In this week’s portion, Korah and various accomplices challenge Moses’s leadership, and Moses challenges them to a sacrifice-off: Korah’s supporters would burn incense in front of the Tent of Meeting (Numbers 16:17) and God’s reaction would determine the merit of their complaints.  A fire from God consumes them (whatever that means) 16:35)

After that, God tells Moses to take the incense-burning tools of Korah’s supporters and to make them an overlay for the Tent altar.  Why should something used in a mistaken cause be treated as holy?

Arama explains that this would remind Israel of the failure of the rebellion, which in turn would “demonstrate that only priests could offer incense without penalty.”  He writes that this policy illustrates a broader point: “nothing is as beloved as the weapon once owned by a defeated enemy, which now reminds the victor of his triumph.”

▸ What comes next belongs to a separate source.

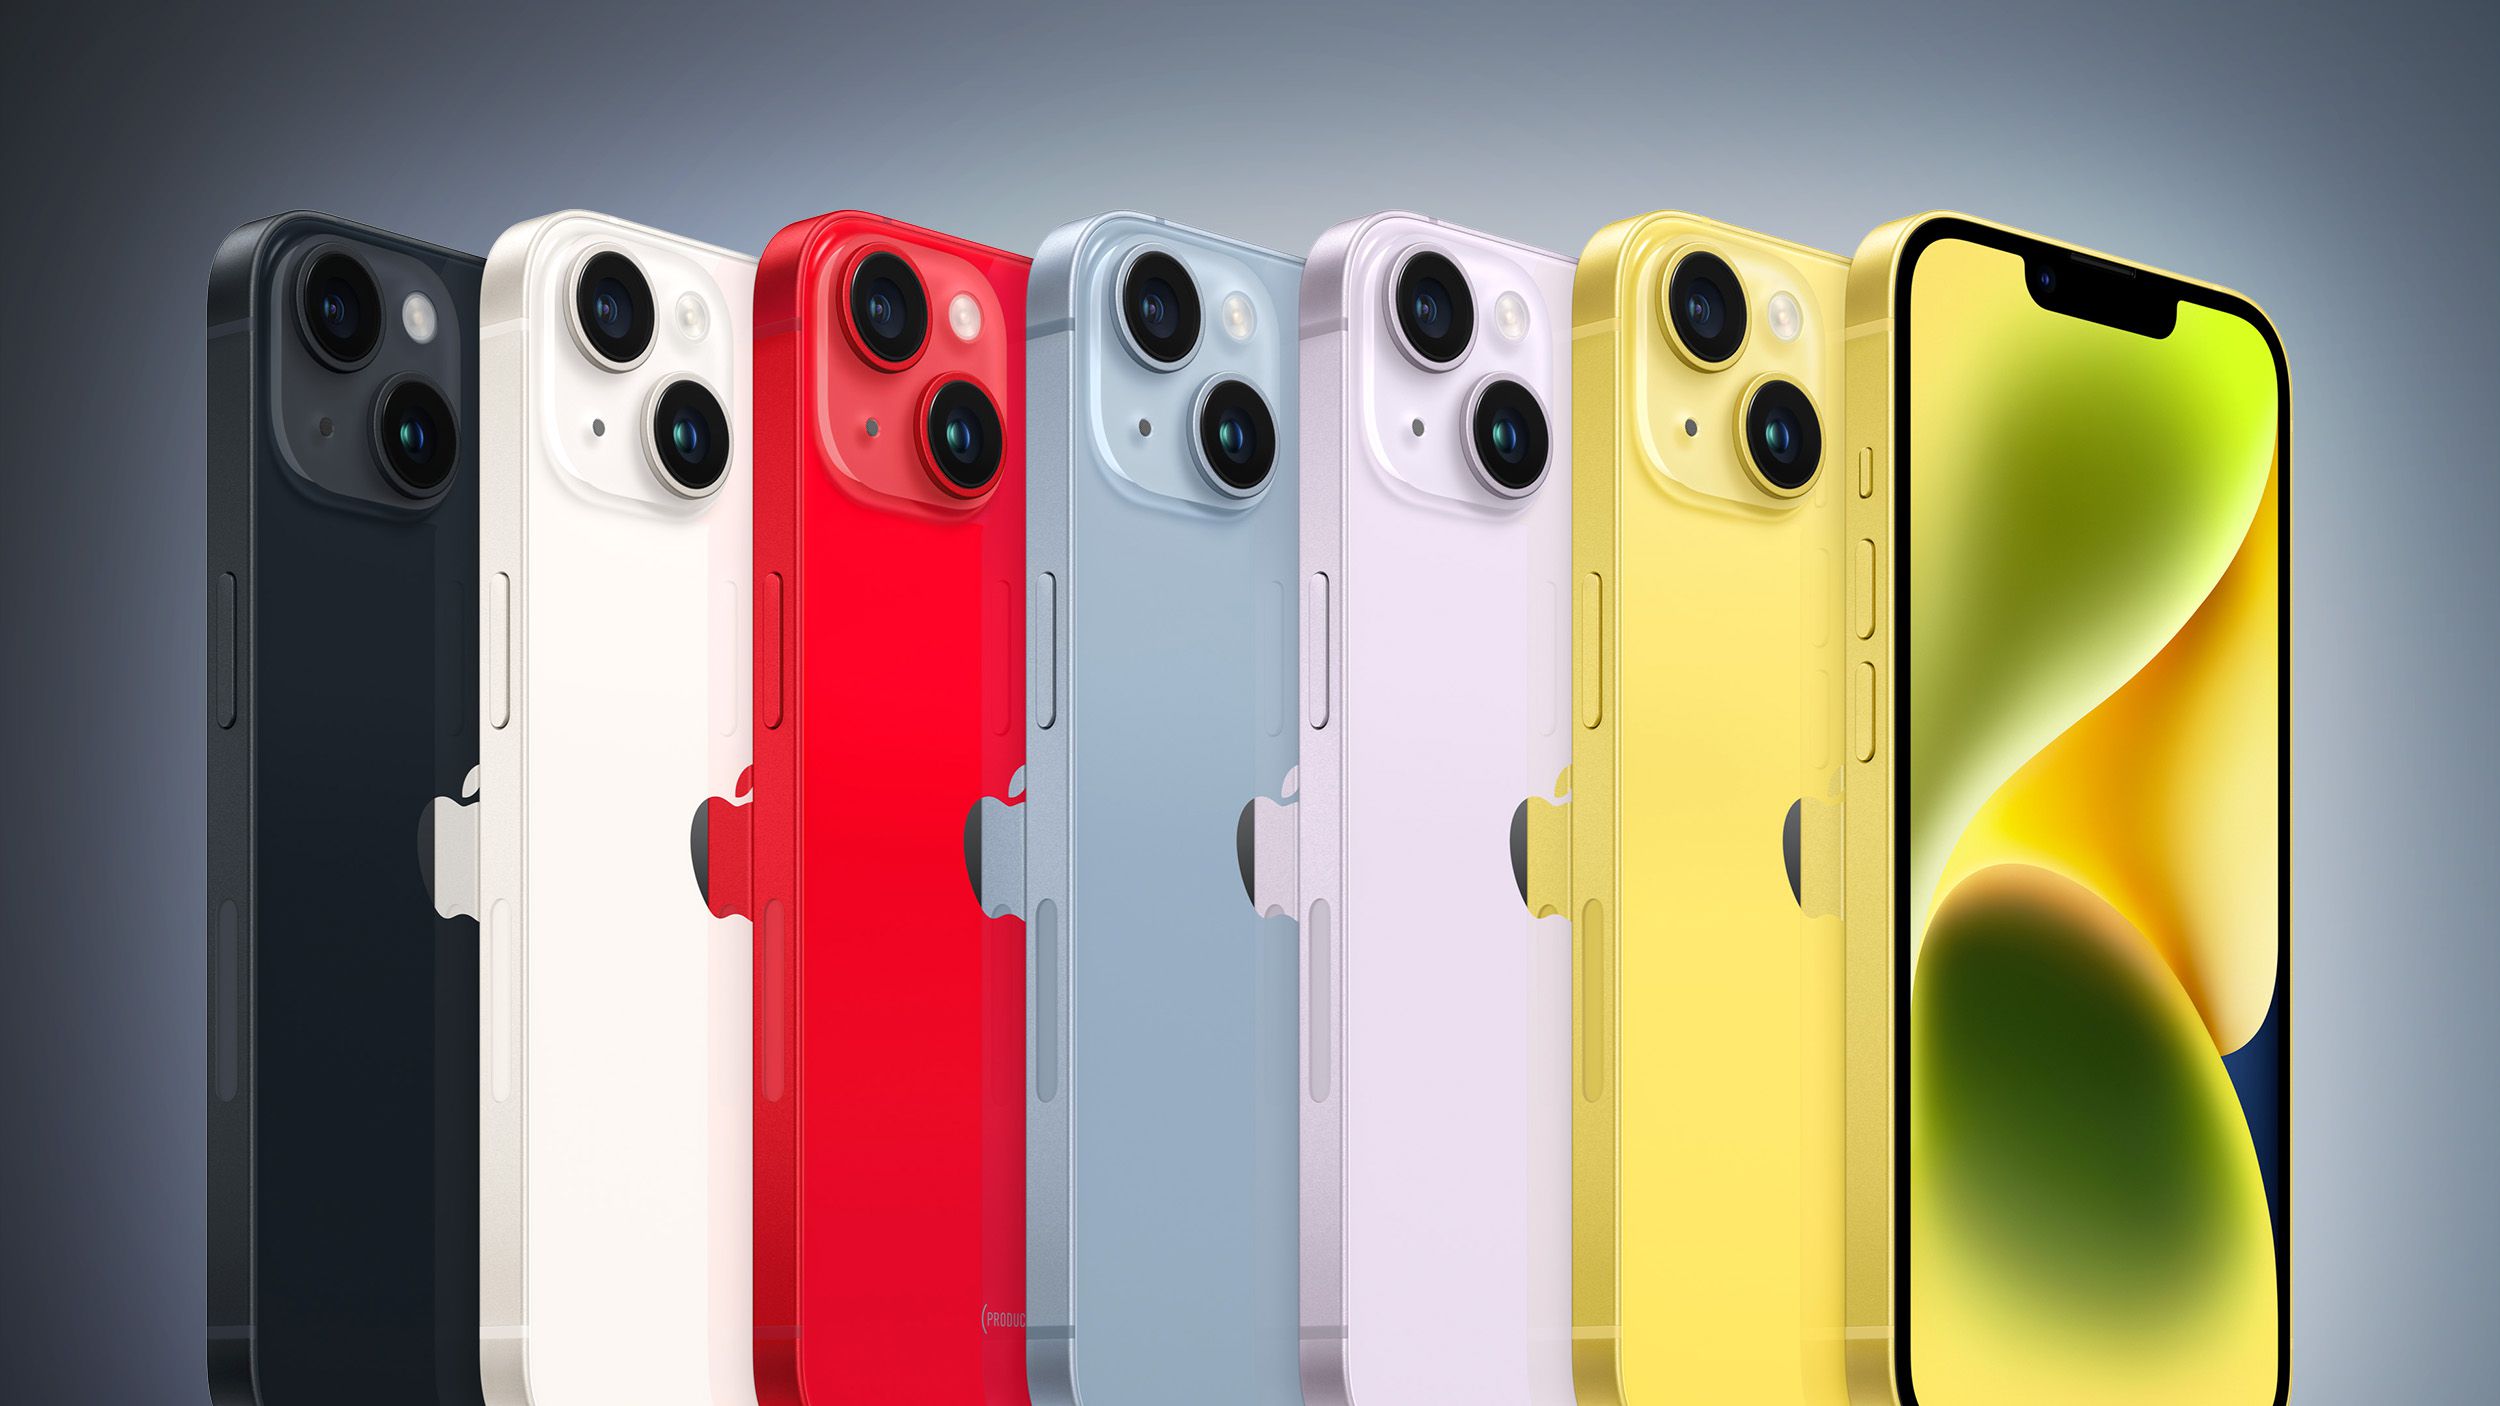 Will iPhone 14 have new colors?

Which in turn reminds me of one of my most cherished memories of my father, who was born in Berlin, hid there during WW 2, and did not move to the US until 1949.  In the late 1990s (when I lived in Buffalo) he and my mother visited Toronto.  We met there, and I noticed that Triumph of the Will was playing.  I asked my father if he was interested in seeing it, and somewhat to my surprise he was.  (He was 12 when it was made).  The closing theme to the movie was the Horst Wessel song, the Nazi national anthem; he hummed along like it was perfectly normal to do so.  At the time I didn’t really think about whether this made sense.  But after reading Arama I understand- that song was, so to speak, the enemy’s weapon.  Humming it must have reminded by father of his triumph in surviving.

Similarly, this idea might explain why people sometimes like to use ethnic slurs directed against them (e.g. black entertainers using a certain word beginning with N).